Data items
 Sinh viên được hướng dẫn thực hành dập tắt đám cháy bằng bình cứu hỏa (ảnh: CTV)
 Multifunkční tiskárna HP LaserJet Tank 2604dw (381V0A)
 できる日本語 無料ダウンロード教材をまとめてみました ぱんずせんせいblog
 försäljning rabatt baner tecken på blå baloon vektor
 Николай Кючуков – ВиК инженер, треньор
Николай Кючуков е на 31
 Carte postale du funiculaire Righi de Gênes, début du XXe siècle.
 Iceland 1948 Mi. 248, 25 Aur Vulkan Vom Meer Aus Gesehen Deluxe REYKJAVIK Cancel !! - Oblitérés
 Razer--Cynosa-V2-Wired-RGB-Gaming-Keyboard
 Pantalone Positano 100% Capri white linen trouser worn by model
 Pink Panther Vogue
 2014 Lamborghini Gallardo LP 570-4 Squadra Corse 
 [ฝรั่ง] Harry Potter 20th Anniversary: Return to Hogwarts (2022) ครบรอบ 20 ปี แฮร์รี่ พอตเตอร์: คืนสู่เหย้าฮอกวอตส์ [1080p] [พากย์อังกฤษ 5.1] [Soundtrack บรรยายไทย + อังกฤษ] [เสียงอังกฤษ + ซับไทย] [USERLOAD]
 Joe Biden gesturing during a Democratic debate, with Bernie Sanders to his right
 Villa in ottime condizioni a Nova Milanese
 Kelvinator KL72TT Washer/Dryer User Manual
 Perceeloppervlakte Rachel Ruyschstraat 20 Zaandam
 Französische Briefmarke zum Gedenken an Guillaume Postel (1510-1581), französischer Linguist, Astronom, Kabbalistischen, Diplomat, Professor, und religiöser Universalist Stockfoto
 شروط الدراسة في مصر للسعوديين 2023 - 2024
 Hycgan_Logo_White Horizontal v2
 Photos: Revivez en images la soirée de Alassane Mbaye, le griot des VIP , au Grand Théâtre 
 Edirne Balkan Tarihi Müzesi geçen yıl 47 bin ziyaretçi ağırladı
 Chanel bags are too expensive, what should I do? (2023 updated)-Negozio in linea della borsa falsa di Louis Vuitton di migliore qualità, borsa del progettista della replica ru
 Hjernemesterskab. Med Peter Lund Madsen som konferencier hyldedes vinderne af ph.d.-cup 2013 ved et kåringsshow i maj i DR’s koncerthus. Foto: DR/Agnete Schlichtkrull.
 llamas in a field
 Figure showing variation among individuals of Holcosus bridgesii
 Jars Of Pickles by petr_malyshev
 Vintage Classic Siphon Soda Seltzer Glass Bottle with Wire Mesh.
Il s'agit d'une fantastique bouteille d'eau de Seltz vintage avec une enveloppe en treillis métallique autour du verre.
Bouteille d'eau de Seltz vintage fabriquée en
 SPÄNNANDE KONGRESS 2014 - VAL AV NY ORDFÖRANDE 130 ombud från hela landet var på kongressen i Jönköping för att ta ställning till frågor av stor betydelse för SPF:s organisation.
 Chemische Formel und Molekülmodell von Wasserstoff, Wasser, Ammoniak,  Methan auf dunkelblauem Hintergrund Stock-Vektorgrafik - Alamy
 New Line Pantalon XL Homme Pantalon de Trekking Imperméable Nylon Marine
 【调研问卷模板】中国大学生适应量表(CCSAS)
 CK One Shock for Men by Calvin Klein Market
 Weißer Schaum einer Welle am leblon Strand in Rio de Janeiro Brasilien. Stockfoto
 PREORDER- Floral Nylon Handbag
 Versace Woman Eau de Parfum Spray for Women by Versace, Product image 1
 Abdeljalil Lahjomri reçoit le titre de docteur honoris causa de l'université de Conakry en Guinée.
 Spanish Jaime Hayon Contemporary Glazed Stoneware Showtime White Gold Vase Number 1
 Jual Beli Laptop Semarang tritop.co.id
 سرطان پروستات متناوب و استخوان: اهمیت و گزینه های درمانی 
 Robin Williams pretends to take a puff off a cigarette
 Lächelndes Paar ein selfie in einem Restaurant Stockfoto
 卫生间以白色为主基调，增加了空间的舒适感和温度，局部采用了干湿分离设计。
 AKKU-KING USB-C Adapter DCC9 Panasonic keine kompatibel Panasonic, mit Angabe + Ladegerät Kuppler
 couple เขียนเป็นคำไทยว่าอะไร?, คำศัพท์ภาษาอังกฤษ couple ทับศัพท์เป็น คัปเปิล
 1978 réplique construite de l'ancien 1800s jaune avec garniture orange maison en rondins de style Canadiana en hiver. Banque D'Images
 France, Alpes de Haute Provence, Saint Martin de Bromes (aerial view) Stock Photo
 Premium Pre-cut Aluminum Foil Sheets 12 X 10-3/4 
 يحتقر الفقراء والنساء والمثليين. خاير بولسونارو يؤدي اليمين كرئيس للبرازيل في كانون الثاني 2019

• Your instructions: Retype the entries one by one, exactly.

• Task output:
 Sinh viên được hướng dẫn thực hành dập tắt đám cháy bằng bình cứu hỏa (ảnh: CTV)
 Multifunkční tiskárna HP LaserJet Tank 2604dw (381V0A)
 できる日本語 無料ダウンロード教材をまとめてみました ぱんずせんせいblog
 försäljning rabatt baner tecken på blå baloon vektor
 Николай Кючуков – ВиК инженер, треньор
Николай Кючуков е на 31
 Carte postale du funiculaire Righi de Gênes, début du XXe siècle.
 Iceland 1948 Mi. 248, 25 Aur Vulkan Vom Meer Aus Gesehen Deluxe REYKJAVIK Cancel !! - Oblitérés
 Razer--Cynosa-V2-Wired-RGB-Gaming-Keyboard
 Pantalone Positano 100% Capri white linen trouser worn by model
 Pink Panther Vogue
 2014 Lamborghini Gallardo LP 570-4 Squadra Corse 
 [ฝรั่ง] Harry Potter 20th Anniversary: Return to Hogwarts (2022) ครบรอบ 20 ปี แฮร์รี่ พอตเตอร์: คืนสู่เหย้าฮอกวอตส์ [1080p] [พากย์อังกฤษ 5.1] [Soundtrack บรรยายไทย + อังกฤษ] [เสียงอังกฤษ + ซับไทย] [USERLOAD]
 Joe Biden gesturing during a Democratic debate, with Bernie Sanders to his right
 Villa in ottime condizioni a Nova Milanese
 Kelvinator KL72TT Washer/Dryer User Manual
 Perceeloppervlakte Rachel Ruyschstraat 20 Zaandam
 Französische Briefmarke zum Gedenken an Guillaume Postel (1510-1581), französischer Linguist, Astronom, Kabbalistischen, Diplomat, Professor, und religiöser Universalist Stockfoto
 شروط الدراسة في مصر للسعوديين 2023 - 2024
 Hycgan_Logo_White Horizontal v2
 Photos: Revivez en images la soirée de Alassane Mbaye, le griot des VIP , au Grand Théâtre 
 Edirne Balkan Tarihi Müzesi geçen yıl 47 bin ziyaretçi ağırladı
 Chanel bags are too expensive, what should I do? (2023 updated)-Negozio in linea della borsa falsa di Louis Vuitton di migliore qualità, borsa del progettista della replica ru
 Hjernemesterskab. Med Peter Lund Madsen som konferencier hyldedes vinderne af ph.d.-cup 2013 ved et kåringsshow i maj i DR’s koncerthus. Foto: DR/Agnete Schlichtkrull.
 llamas in a field
 Figure showing variation among individuals of Holcosus bridgesii
 Jars Of Pickles by petr_malyshev
 Vintage Classic Siphon Soda Seltzer Glass Bottle with Wire Mesh.
Il s'agit d'une fantastique bouteille d'eau de Seltz vintage avec une enveloppe en treillis métallique autour du verre.
Bouteille d'eau de Seltz vintage fabriquée en
 SPÄNNANDE KONGRESS 2014 - VAL AV NY ORDFÖRANDE 130 ombud från hela landet var på kongressen i Jönköping för att ta ställning till frågor av stor betydelse för SPF:s organisation.
 Chemische Formel und Molekülmodell von Wasserstoff, Wasser, Ammoniak,  Methan auf dunkelblauem Hintergrund Stock-Vektorgrafik - Alamy
 New Line Pantalon XL Homme Pantalon de Trekking Imperméable Nylon Marine
 【调研问卷模板】中国大学生适应量表(CCSAS)
 CK One Shock for Men by Calvin Klein Market
 Weißer Schaum einer Welle am leblon Strand in Rio de Janeiro Brasilien. Stockfoto
 PREORDER- Floral Nylon Handbag
 Versace Woman Eau de Parfum Spray for Women by Versace, Product image 1
 Abdeljalil Lahjomri reçoit le titre de docteur honoris causa de l'université de Conakry en Guinée.
 Spanish Jaime Hayon Contemporary Glazed Stoneware Showtime White Gold Vase Number 1
 Jual Beli Laptop Semarang tritop.co.id
 سرطان پروستات متناوب و استخوان: اهمیت و گزینه های درمانی 
 Robin Williams pretends to take a puff off a cigarette
 Lächelndes Paar ein selfie in einem Restaurant Stockfoto
 卫生间以白色为主基调，增加了空间的舒适感和温度，局部采用了干湿分离设计。
 AKKU-KING USB-C Adapter DCC9 Panasonic keine kompatibel Panasonic, mit Angabe + Ladegerät Kuppler
 couple เขียนเป็นคำไทยว่าอะไร?, คำศัพท์ภาษาอังกฤษ couple ทับศัพท์เป็น คัปเปิล
 1978 réplique construite de l'ancien 1800s jaune avec garniture orange maison en rondins de style Canadiana en hiver. Banque D'Images
 France, Alpes de Haute Provence, Saint Martin de Bromes (aerial view) Stock Photo
 Premium Pre-cut Aluminum Foil Sheets 12 X 10-3/4 
 يحتقر الفقراء والنساء والمثليين. خاير بولسونارو يؤدي اليمين كرئيس للبرازيل في كانون الثاني 2019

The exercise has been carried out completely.